I have a 75 FW tank that has been setup for over 2 months. I have had all my community fish in there for around 2 months. I recently decided to order some Discus, SAE, and some more cardinals for the tank. The shipment came on Thursday. The fish were placed into the tank and each bag was acclimated slowly.

The Discus were stressed and appeared to be loosing their slime coat so I added more Prime to the tank and also some aquarium salt. The salt I added was a fairly small amount compared to a normal treatment (1/4cup vs 1 cup). I used less due to plants in the tank but I felt the need to help the slimecoat on the Discus mildly. A few cardinals died that night but I chaulked it up to stresses of shipping. I decided to do a 33% water change that night to be safe.

However, the next day 16 of my 20 cardinal tetras were dead as was 1 Discus! They remaining 4 were at the top breathing heavy like they had ammonia poisoning, but the test kits showed 0 for ammonia and nitrite. I turned down my CO2 which was not pumping out that many bubbles per second to begin with. I removed the 4 remaining cardinals and put them in a bucket with fresh tap water (Primed) and immediately they looked better. This led me to believe that it was definately a chemical poisoning the fish in my tank, not a disease and the cardinals are just the most sensitive.
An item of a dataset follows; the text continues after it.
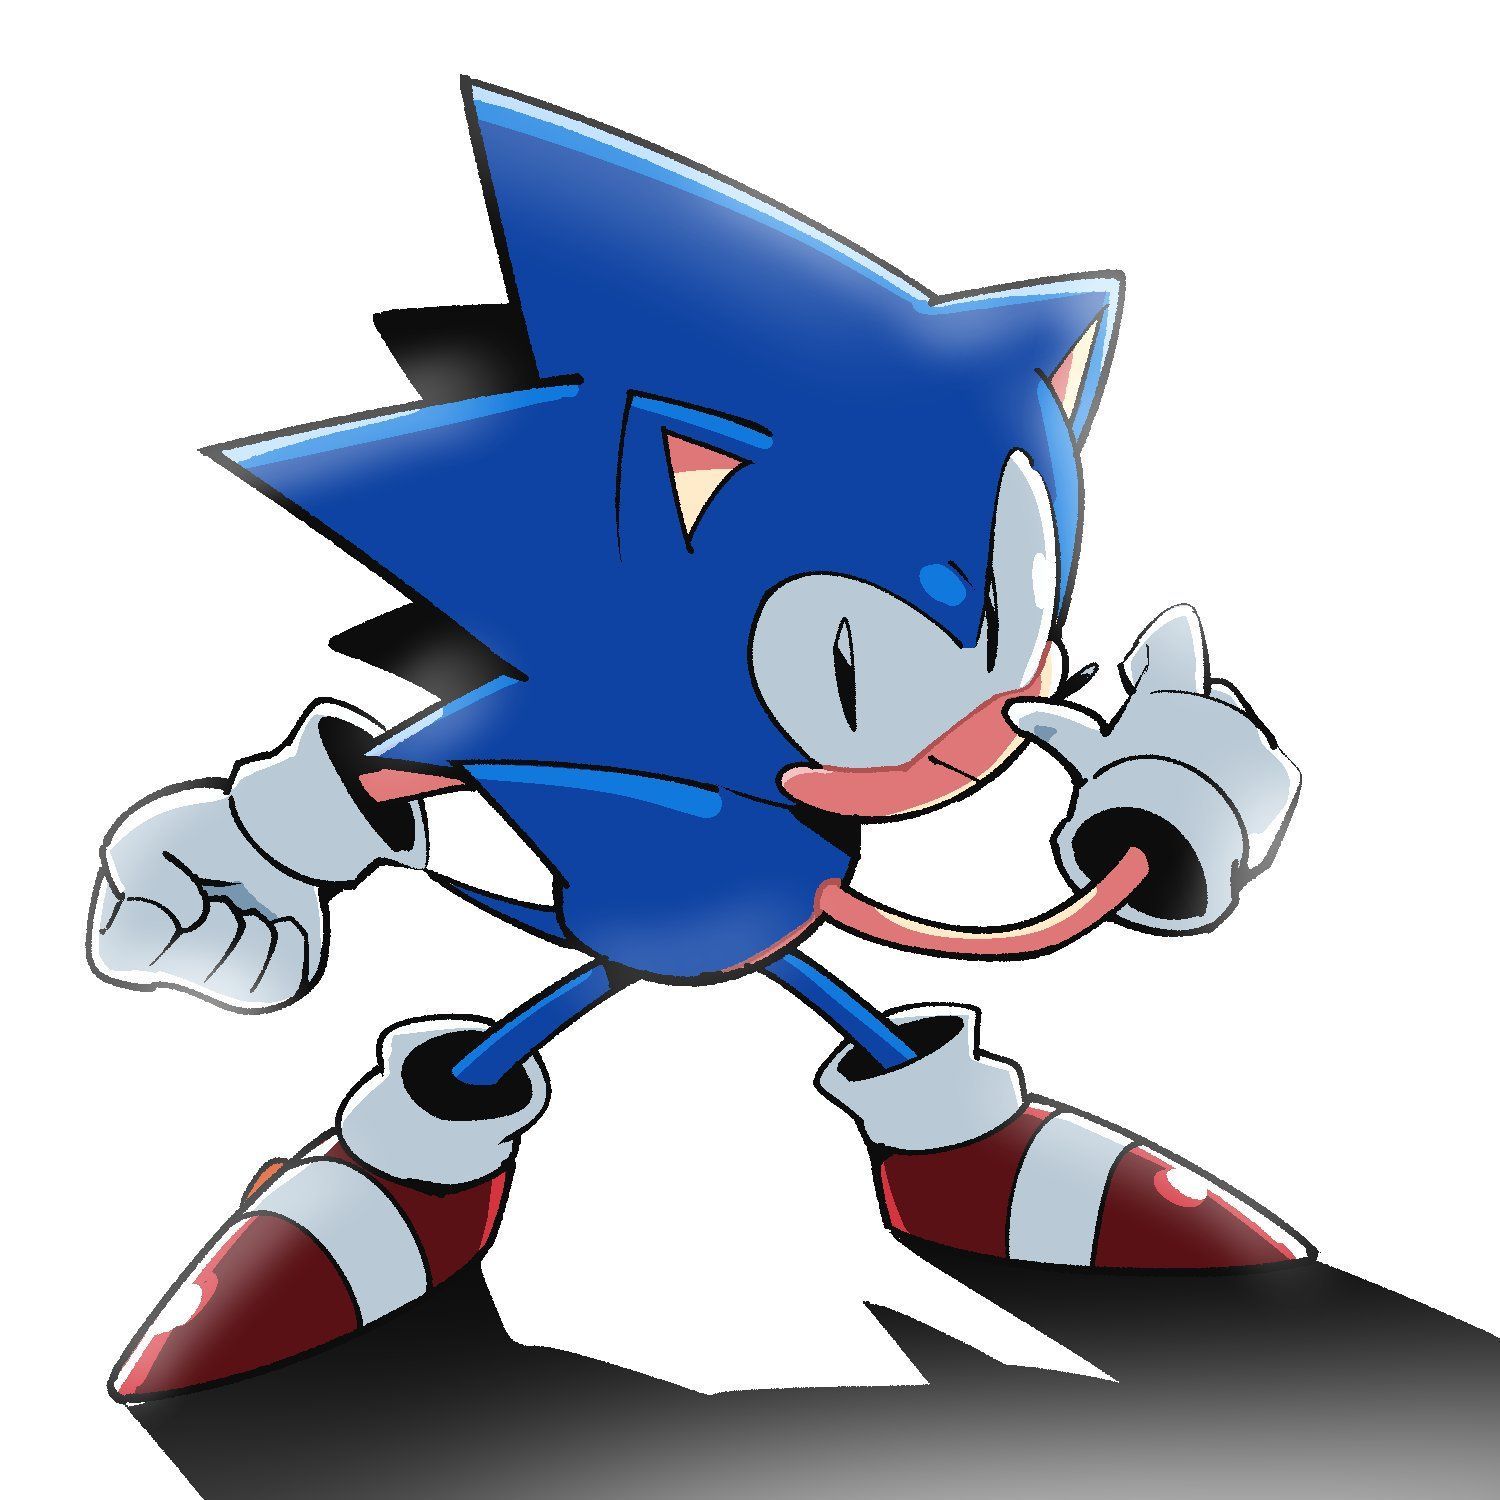 A Evolução do Design do Sonic: Do Pixel ao Papel

Could the salt cause some reverse osmotic conditions in a particular plant to release something toxic to fish? I did not own any exotic plants just your standard LFS types. The only other thing I could think of was that 2 days prior to my receiving the shipment of Discus I decided to clean my tank and move some plants around. I had an anubis nana that was covered in spot algae and some hair algae. I removed it from the tank and one end smelled rotten. I cut that end and dipped the leaves in a mixture of H202 and water for ~1hr. I rinsed it with water and placed it back in my tank. Since the incedent, I have removed this plant...just in case it was leeching something into the water.

I did a 33% water change (stated above) after seeing the cardinals breathing up top, and another 50% change the next day after finding most of them dead. The 4 I moved to the bucket are all doing fine. The other fish were starting to look stressed, hiding, ocassionally breathing at the top...etc. They would look normal for awhile, eat and then go hide. I decided to break down the 75g tank and moved everything to freshly setup 20g tank. I moved a few plants over, and one of my filters.
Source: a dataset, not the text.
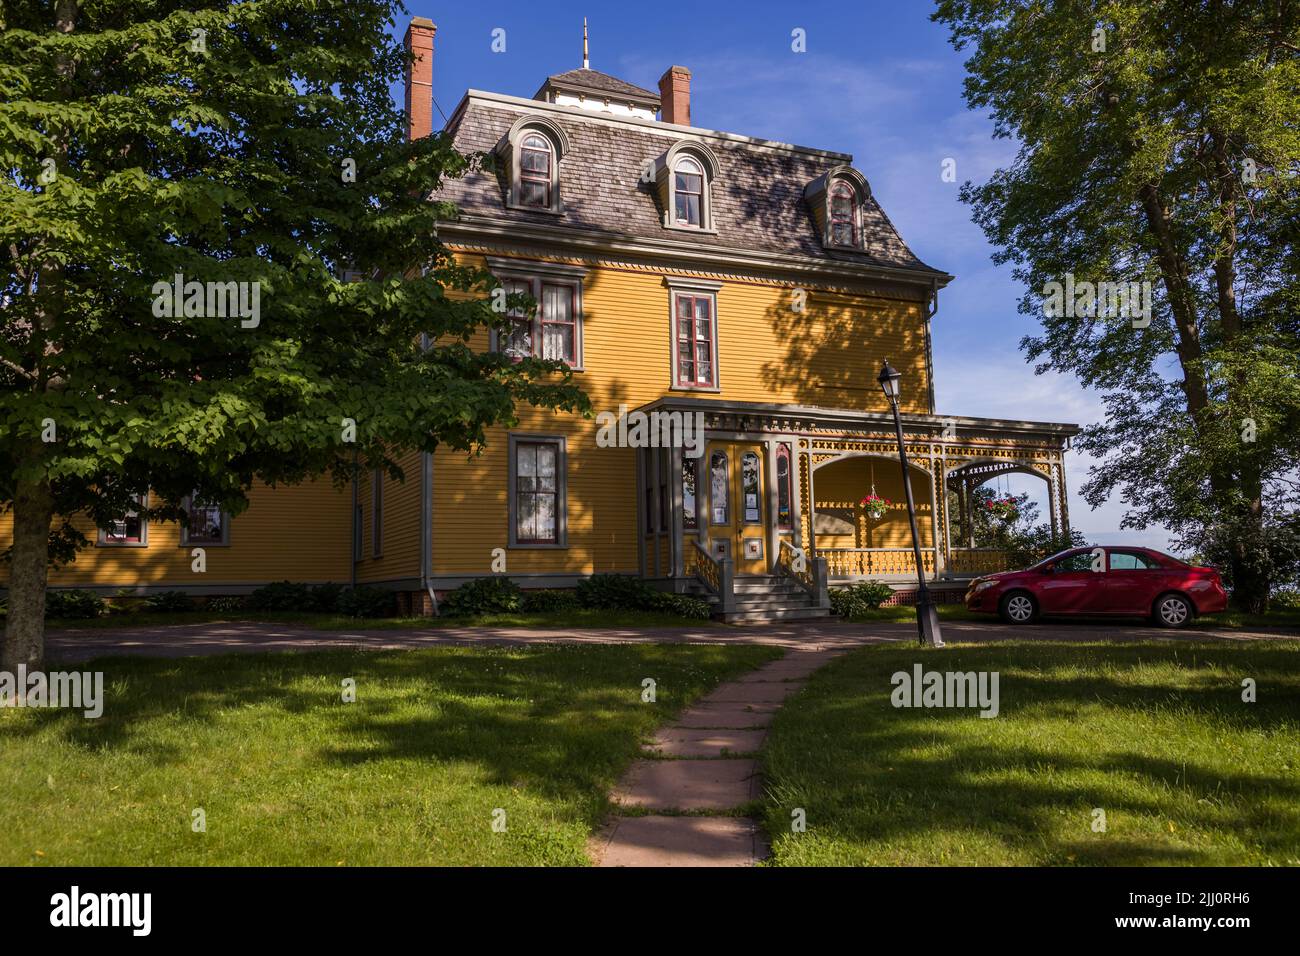 Maison historique Braconsfield - Charlottetown, Île-du-Prince-Édouard, Canada - maison victorienne en bois avec patio Banque D'Images

24hrs later they all look normal. Colors are bright, they are swimming normally and even the 2 surviving Discus are starting to eat. WTF happend to my 75g?!:

1.) H2O2 plant reaction w/ or without help from aquarium salt (reverse osmosis).
2.) Some fungus remaining on driftwood became toxic...at just the right time...not buying that, but throwing out the driftwood since fungus has not settle even after 2 months.
3.) Something toxic on the outside of the fish bags that were placed in the tank to acclimate. I never even thought of rinsing off the outside the bags before putting them in my tank. Or from the newspapers they were packed in, heat packs...etc.


Now here is what I discovered after much searching. The culprit was most likely the cold winter climate. During warmer times of the year, we don't have to temper the cold water with as much hot water before adding it to the tank. In the winter the cold line is much colder so we have to use more warm water to get our tap to the temperature we want. With a Discus tank, I was getting my tap to 84F.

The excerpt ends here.